Towns in northeast Texas where Byrd, Wallace, Rainey and Witt families lived and worked
In addition to being the site for the Talco Refinery, Mt. Pleasant, for those who aren't up on Texas trivia, was once the hometown of LBJ's favorite assassin, Mac Wallace. Just north of Mt. Pleasant is Red River County, where a significant number of lives in Mac's history converged. His father Alvin Wallace had been born in Mt. Pleasant and began his career as a concrete contractor there. He built roads and bridges in partnership with Mac's uncle, Leonard Roy Bowden, a brother of Alvin's sister Nellie.

Nellie Arlene Wallace had married in 1914, and both her husband and brother were farmers in Titus County, before they left for WWI. Upon their return, they formed a road-paving company called Wallace & Bowden to bid on government road and bridge contracts. The asphalt produced by the Talco Refinery would have been a cheap source of road material for their business, although they also were concrete contractors.
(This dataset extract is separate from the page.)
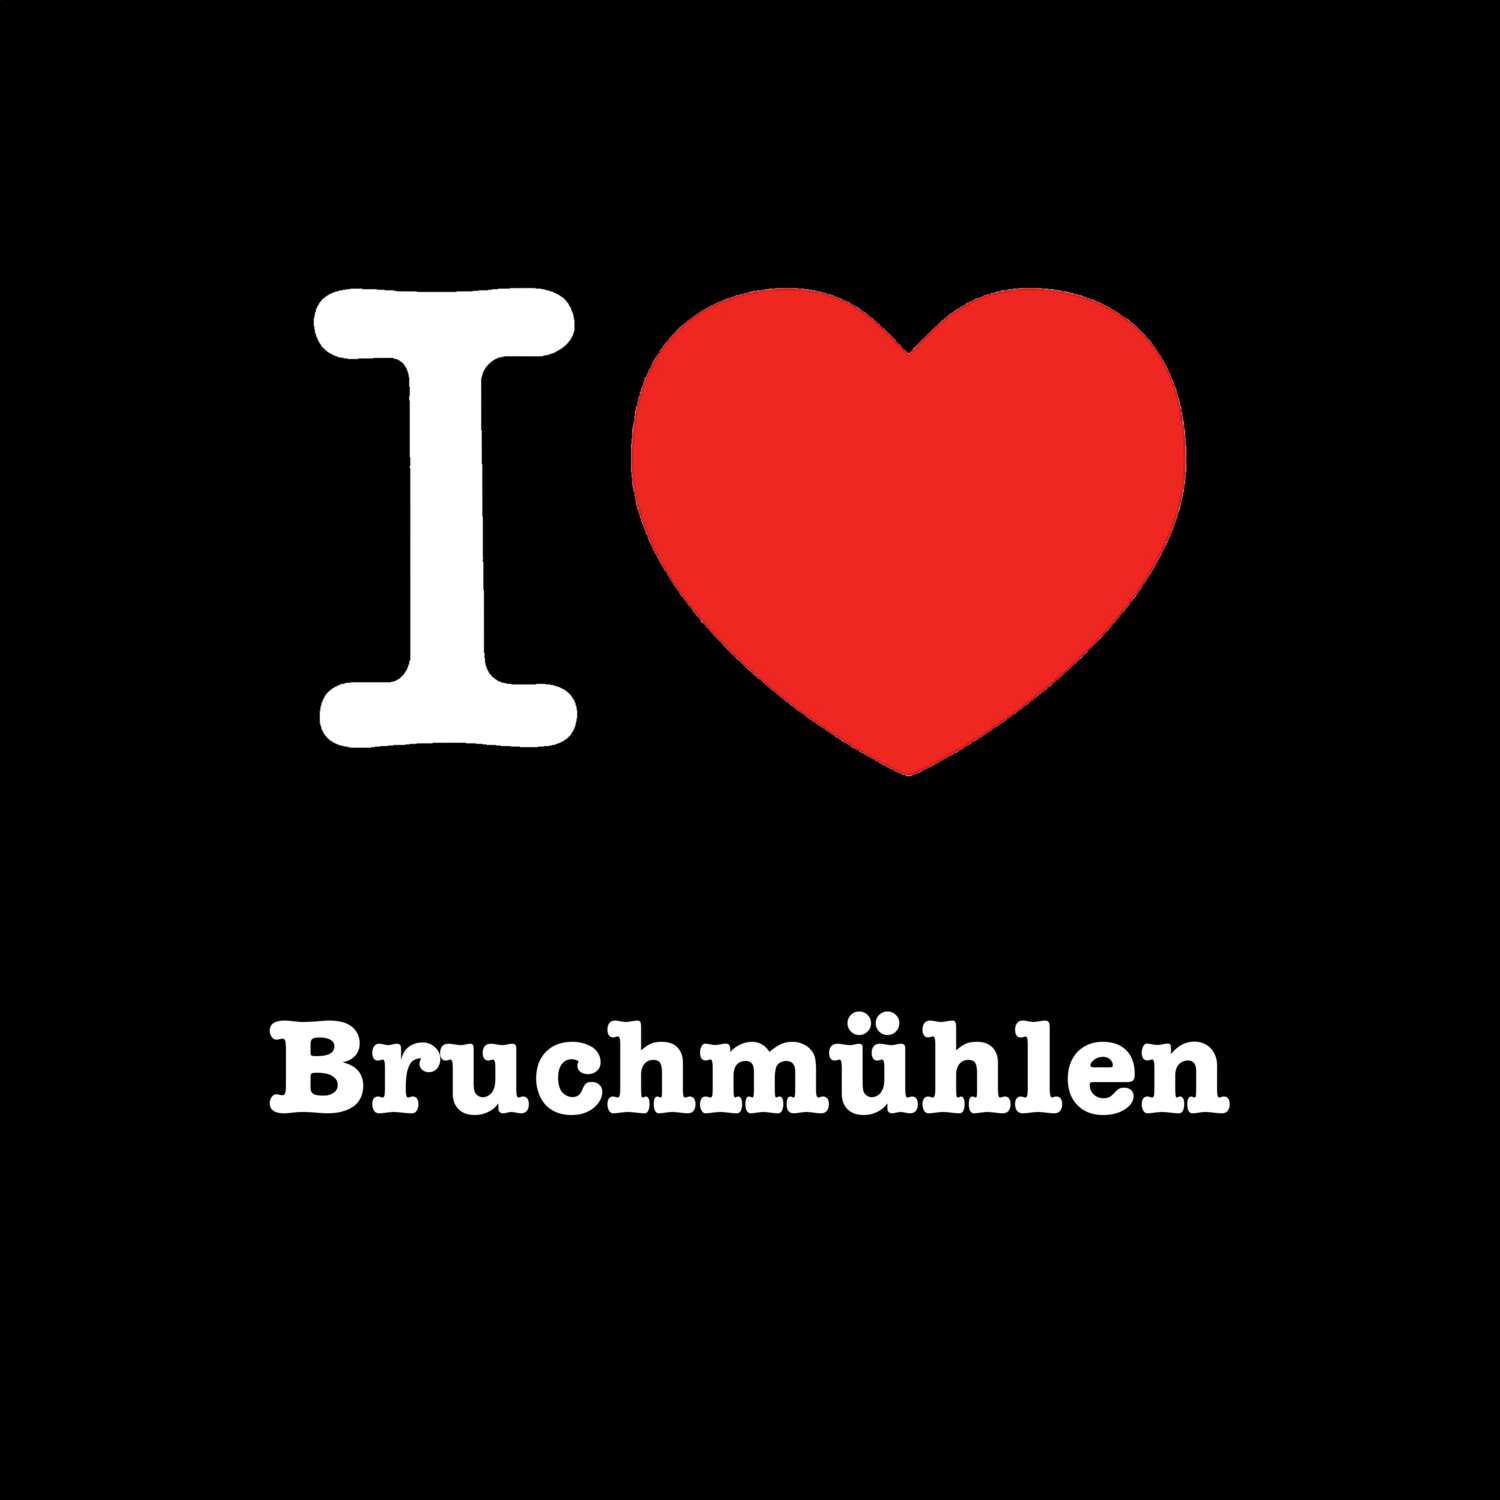 Bruchmühlen T-Shirt »I love«

In order to expand their business, Wallace and Bowden moved to the city, to an office address at East Grand Avenue near the Mt. Auburn Elementary School. Both the Wallace and Bowden families lived nearby. Mac Wallace was a 1938 graduate of Woodrow Wilson High School in the Mt. Auburn area of Dallas.
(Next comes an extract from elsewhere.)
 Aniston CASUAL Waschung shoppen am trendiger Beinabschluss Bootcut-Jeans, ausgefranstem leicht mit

He joined the Marine Corps after graduation and on November 3, 1939 was aboard the U.S.S. Holland, a submarine based in San Diego. From there it appears he was shipped to Hawaii. According to Joan Mellen, in 1938 Mac had injured his lumbar spine playing quarterback for Woodrow Wilson High School and required spinal surgery. After joining the Marines, he reinjured his back in a fall on the USS Lexington on June 27, 1940 and was discharged two months later.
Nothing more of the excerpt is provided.